Once you get the composition and exposure set up, set the shutter to shoot continuous exposures and just let it rip. With a locking cable release, you can set the shutter dial to shoot continuous exposures and then walk away and let the camera do all the work. Most Nikon (and Canon, too, I think) cameras only allow you to shoot 100 exposures this way. To shoot more than 100 shots at a time, you have to use an intervalometer, either an external one like the Nikon MC-36 or the Canon TC-80N3, or, if you’re a Nikon shooter, the internal one that’s accessed in the menu. Note that the built-in timer will only allow you to shoot exposures up to 30 seconds long. If you want to go longer, such as when shooting star trails, you have to use an external intervalometer.

Of course, it’s a simple matter to shoot 100 exposures and then start the sequence again. In fact, you probably don’t want to shoot more than that at a time anyway, because during those 50 minutes the stars will have moved a considerable distance in the field of view.
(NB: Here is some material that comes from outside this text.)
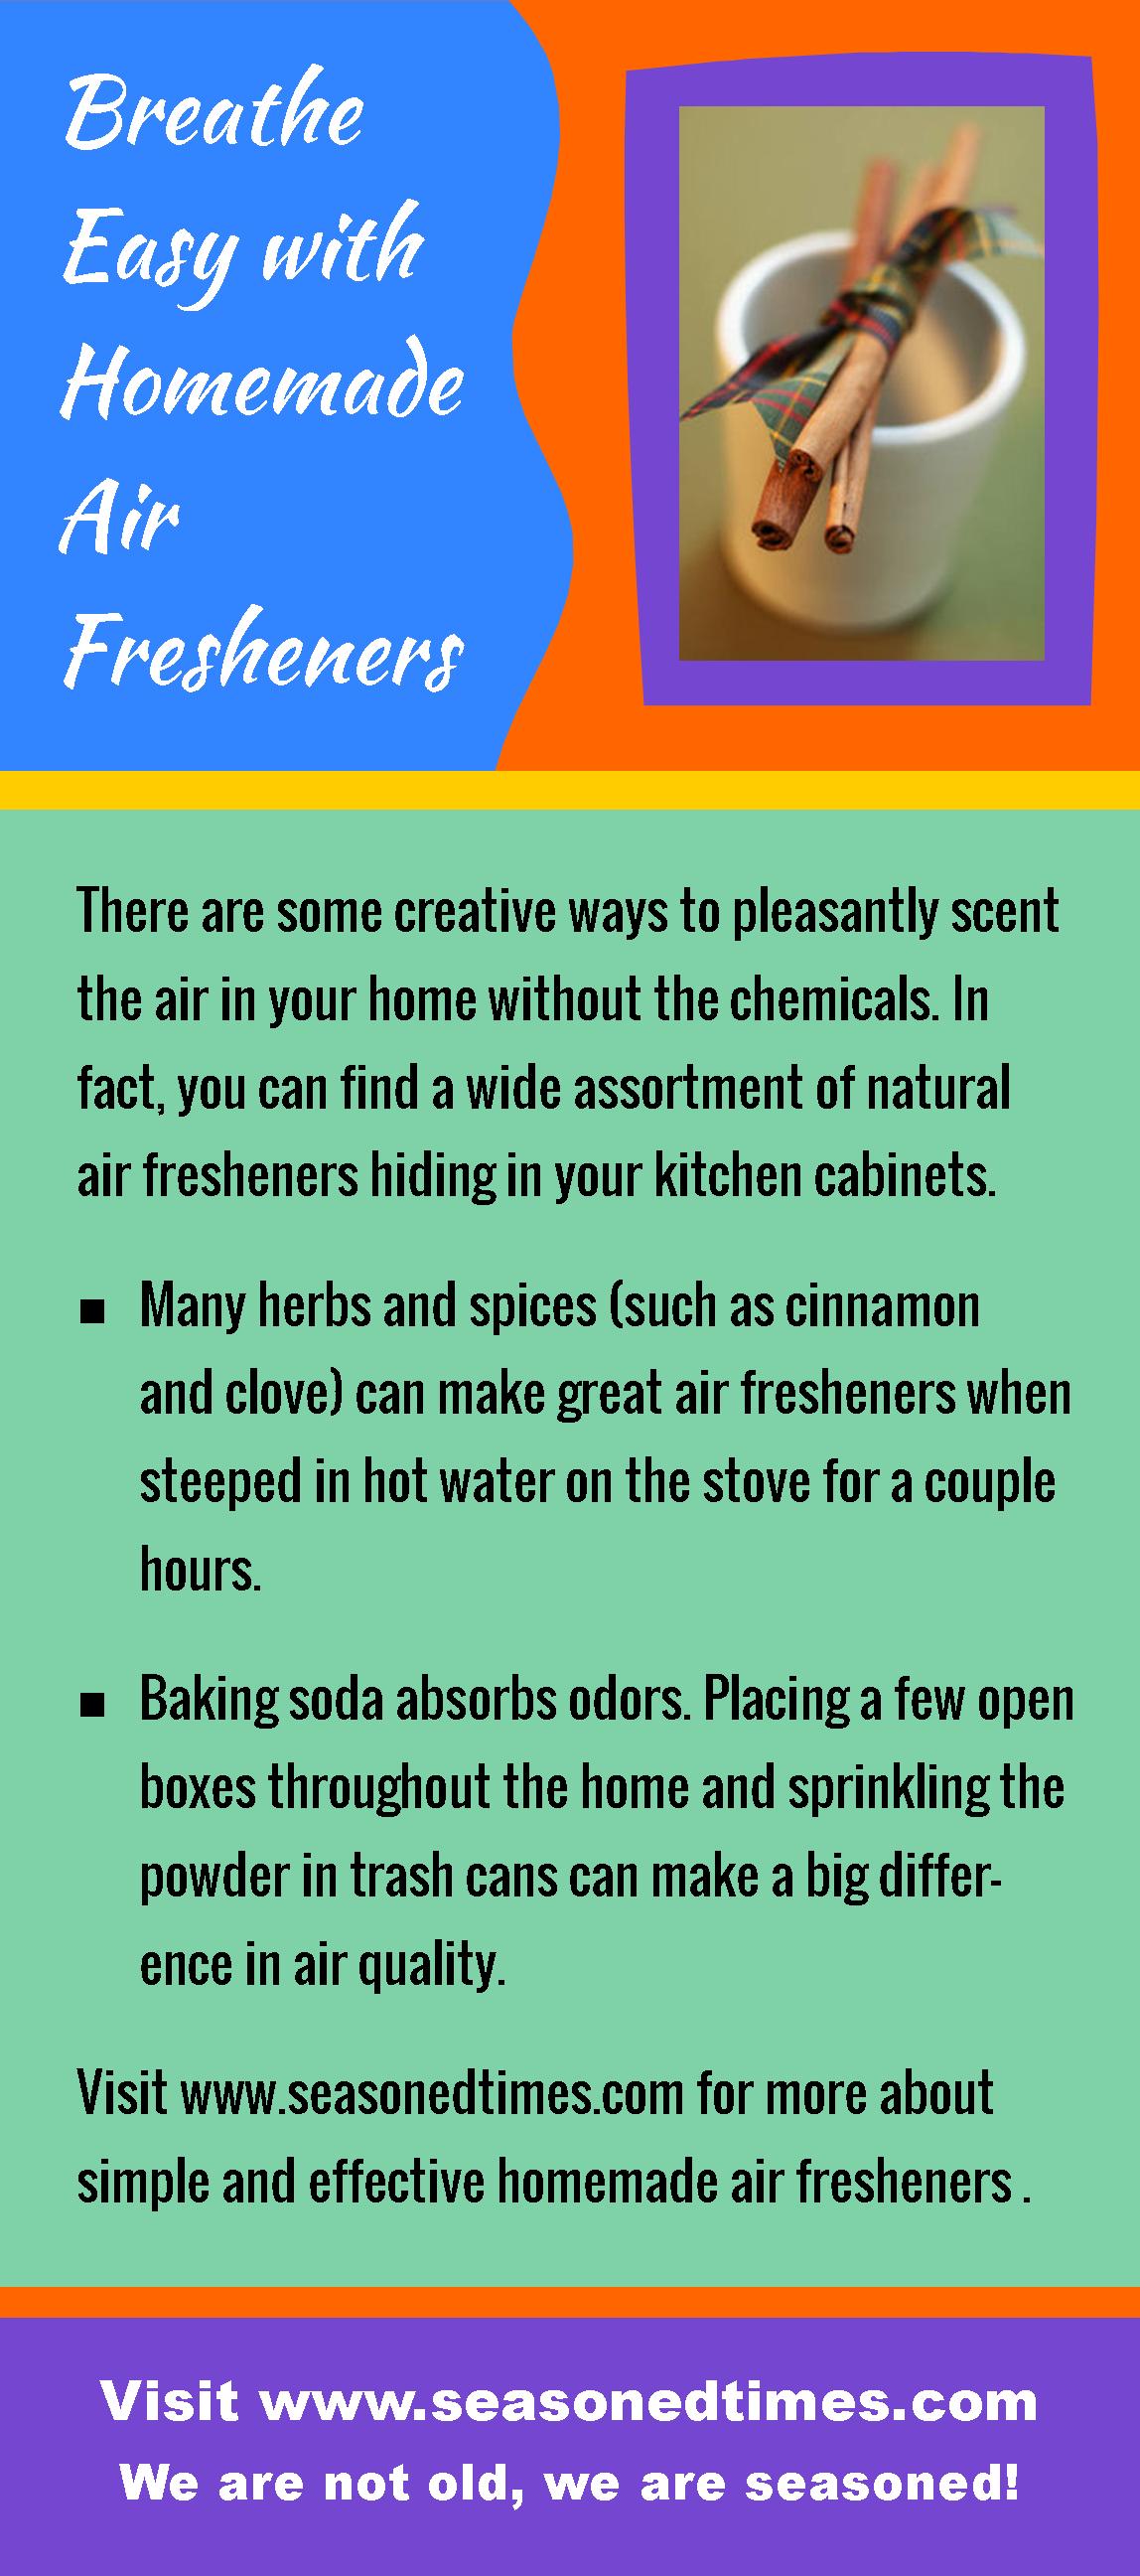 Breathe Easy with Homemade Air Fresheners. Seasoned Times

If you compose the scene to take advantage of constellations or planets, you’ll have to recompose periodically throughout the night.

So the idea with both star trails and pinpoint stars is that you get everything set up and then let the camera do the work for a while. You want that camera making exposures for as much of the night as possible, so try to work quickly when you recompose or change batteries or something. There’s nothing worse than witnessing the most spectacular meteor of the night while you’re switching out memory cards!

Regardless of the method you choose for shooting meteors, your camera is going be exposed to the night air for a long time and you need to be aware of the possibility of dew forming on the lens. Read this article for detailed info on preventing dew.

Okay, Night Owls, get out there and catch a falling star!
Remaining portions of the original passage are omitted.